Stored data:
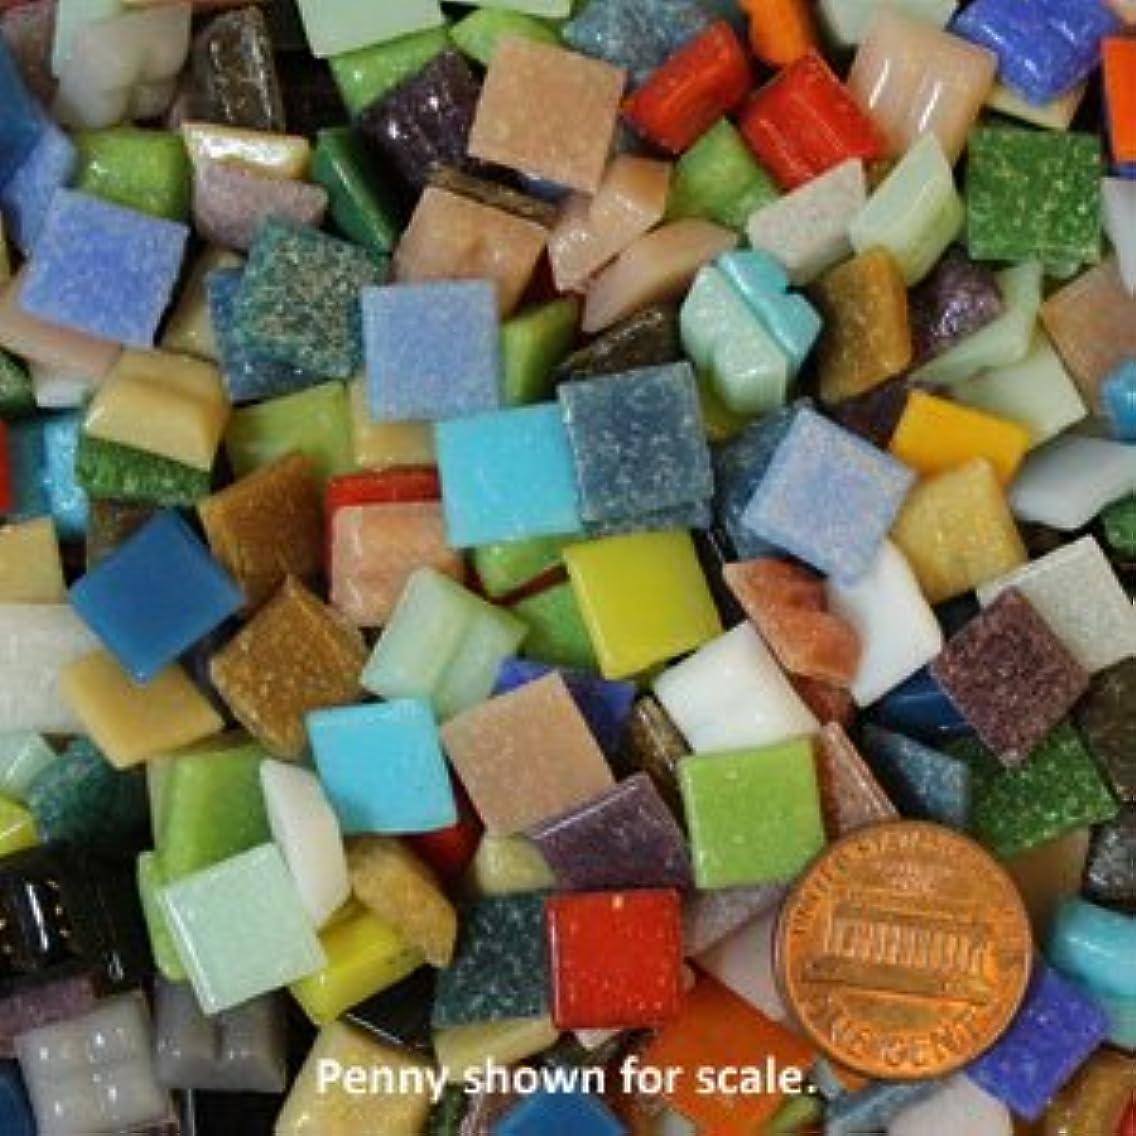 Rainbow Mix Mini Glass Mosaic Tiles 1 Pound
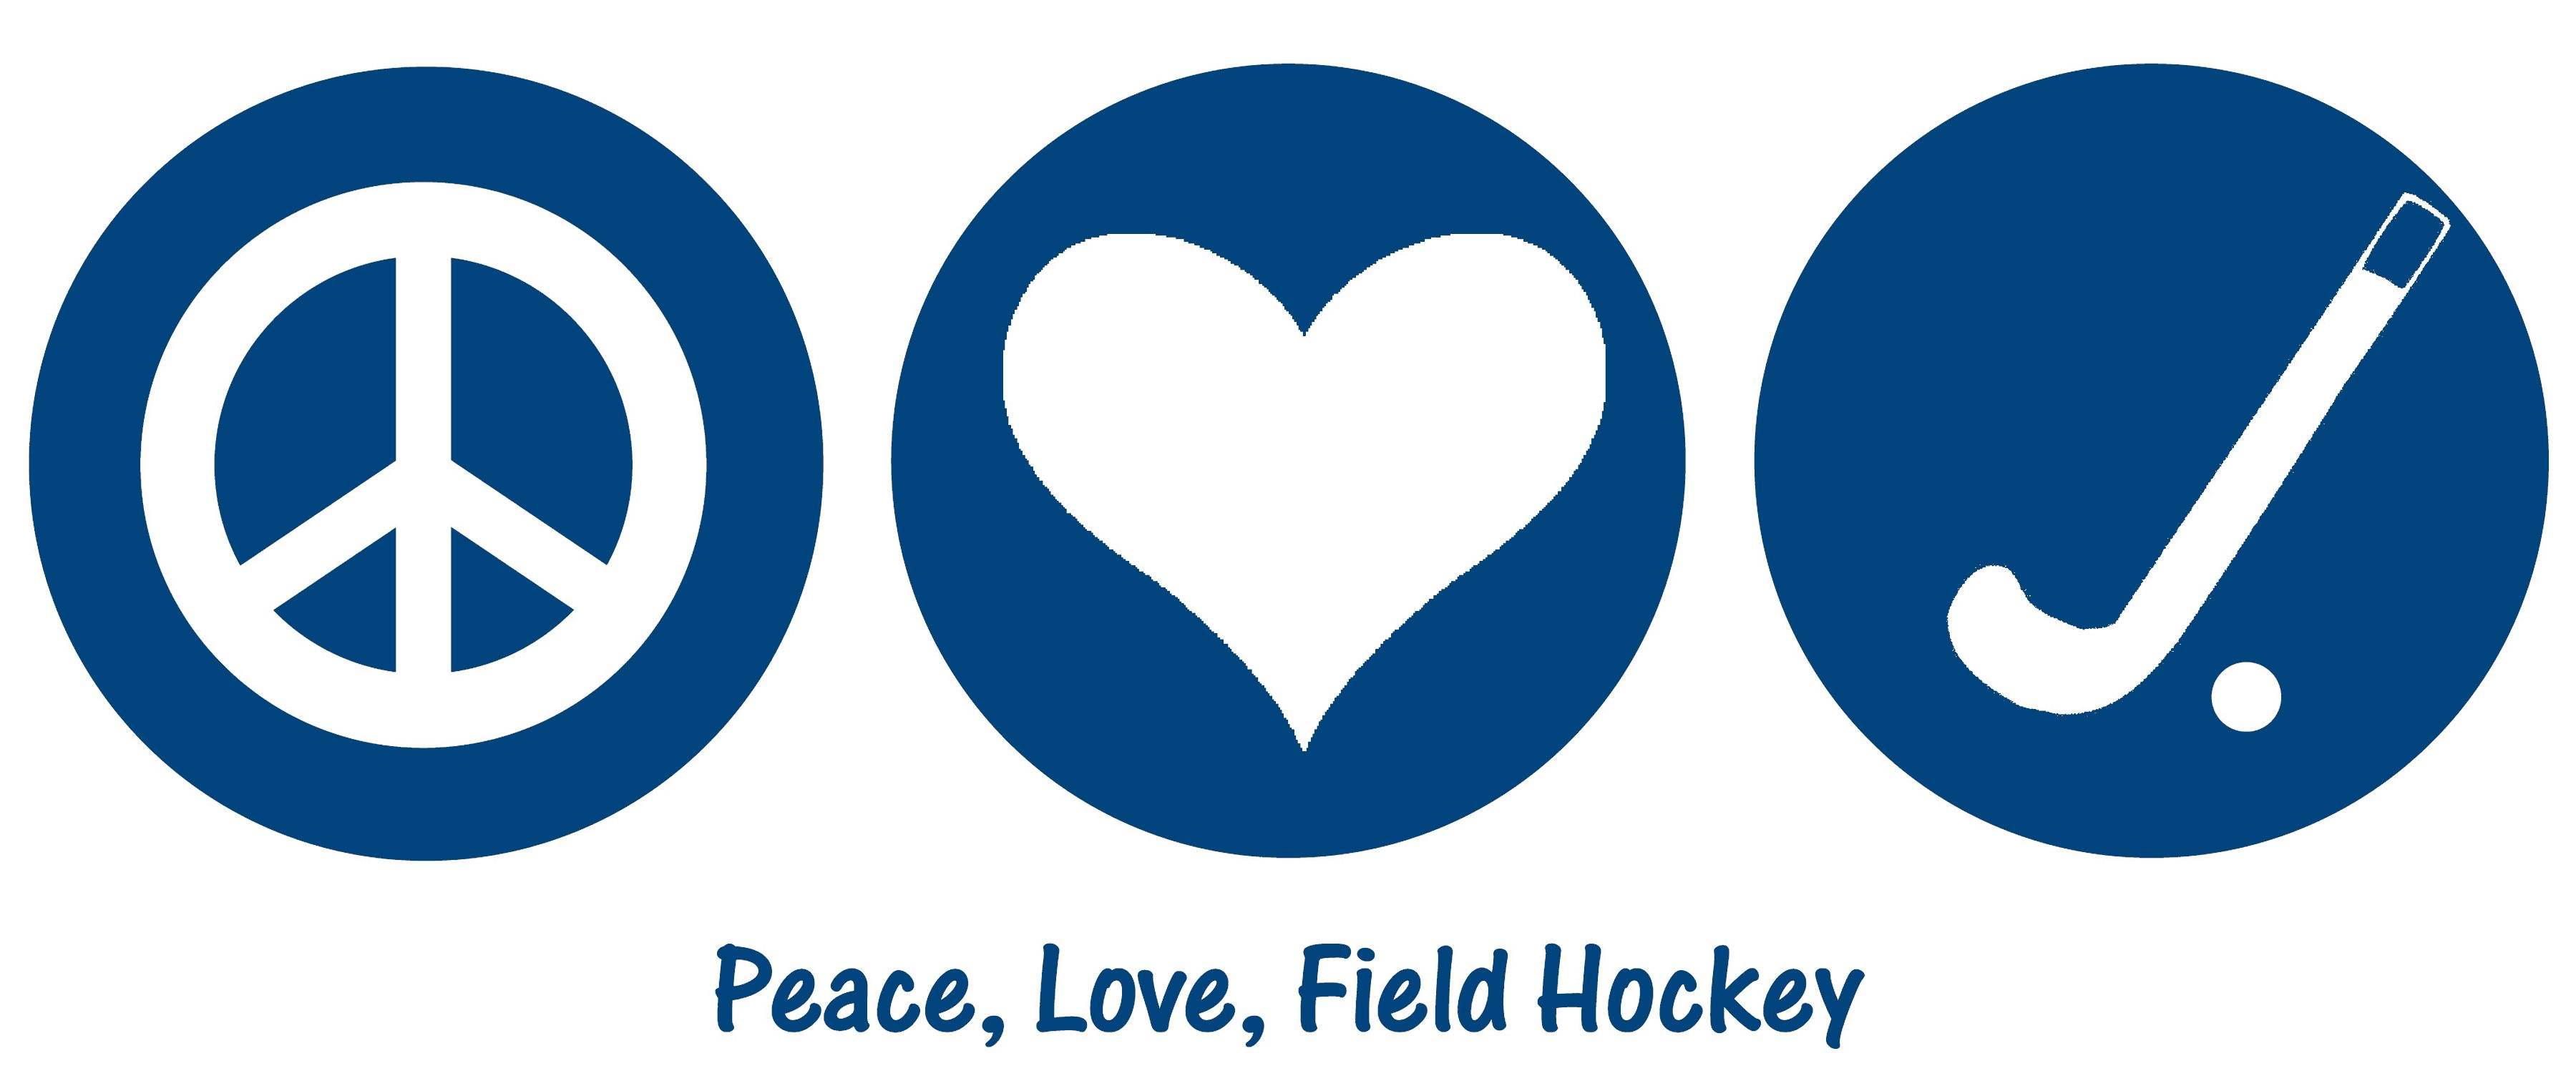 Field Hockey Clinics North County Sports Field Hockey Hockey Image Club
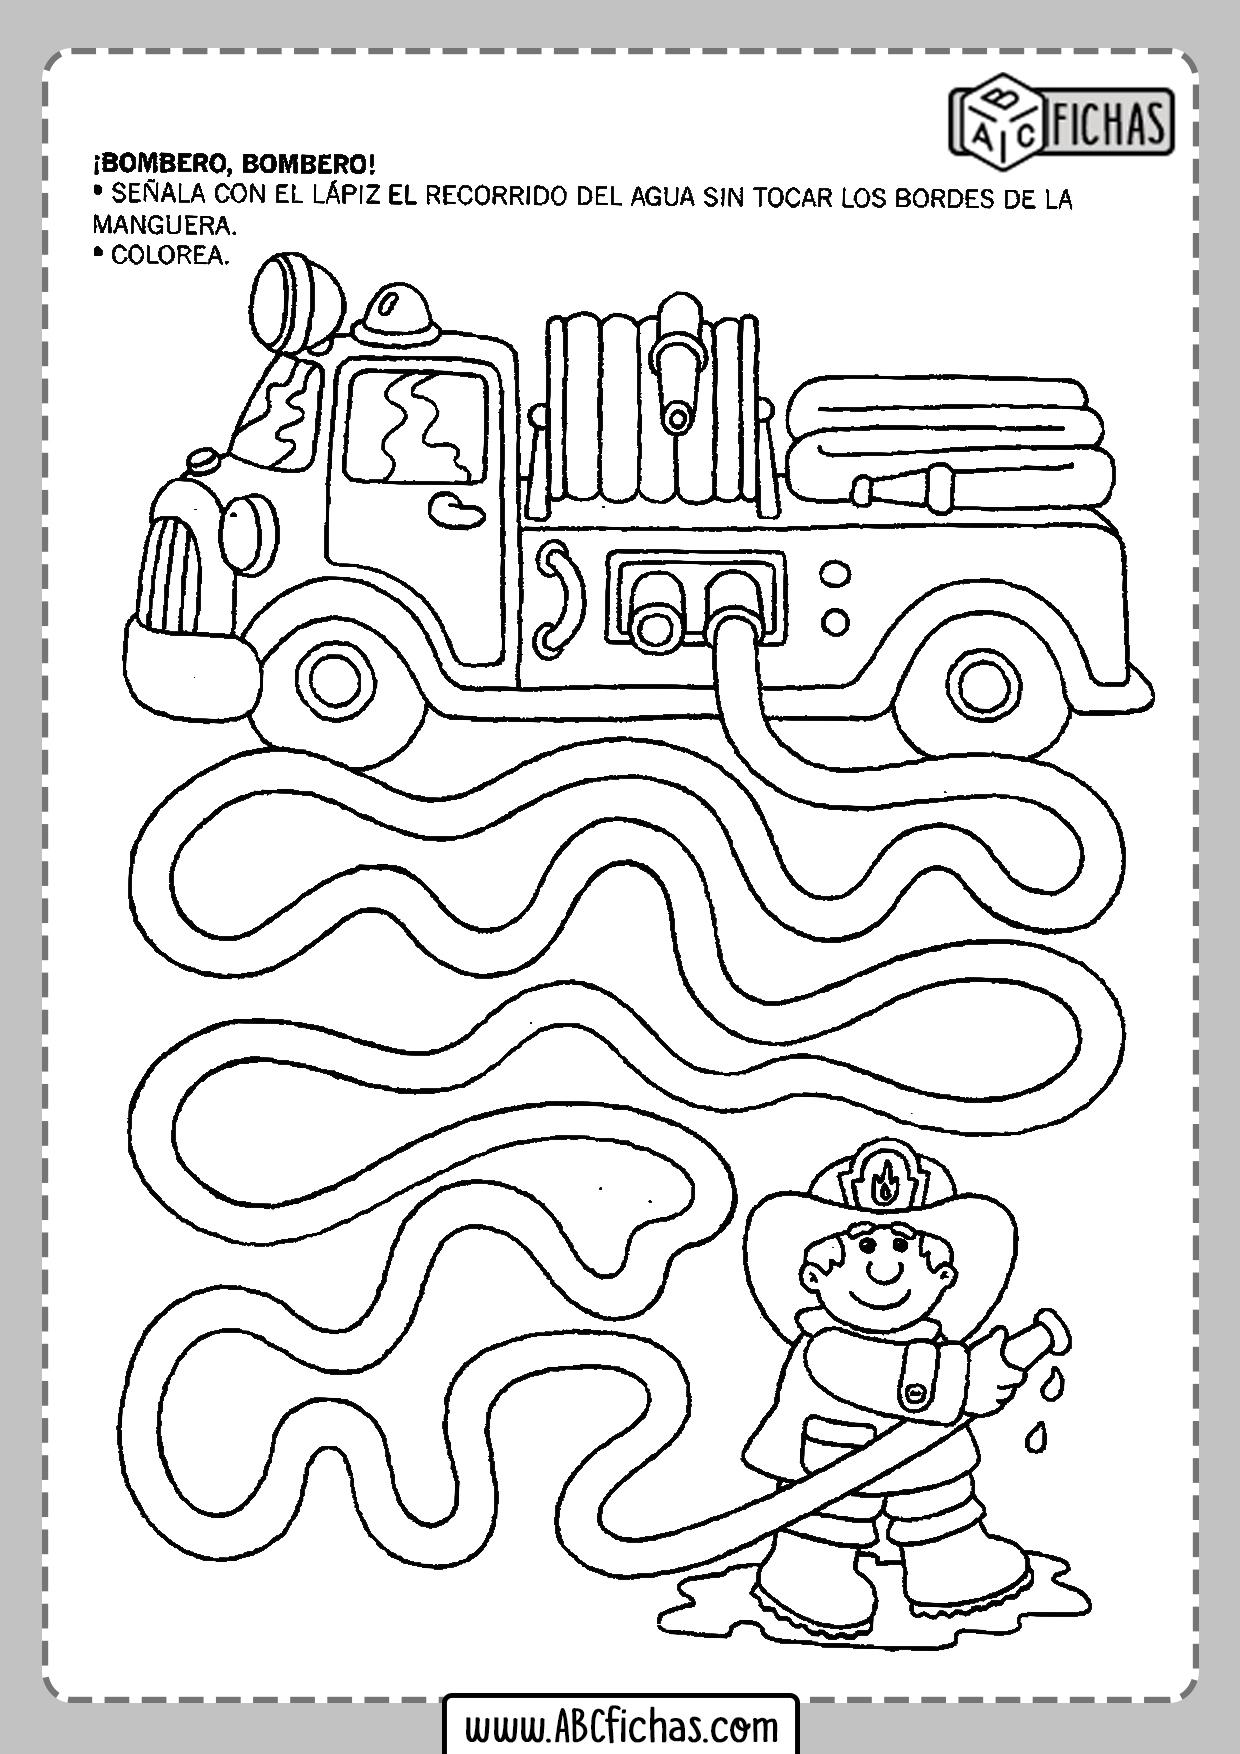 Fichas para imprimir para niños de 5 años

Task goal:
Word for word, quote the full listing, omitting every picture.

Solution for this problem:
 Rainbow Mix Mini Glass Mosaic Tiles 1 Pound
 Field Hockey Clinics North County Sports Field Hockey Hockey Image Club
 Fichas para imprimir para niños de 5 años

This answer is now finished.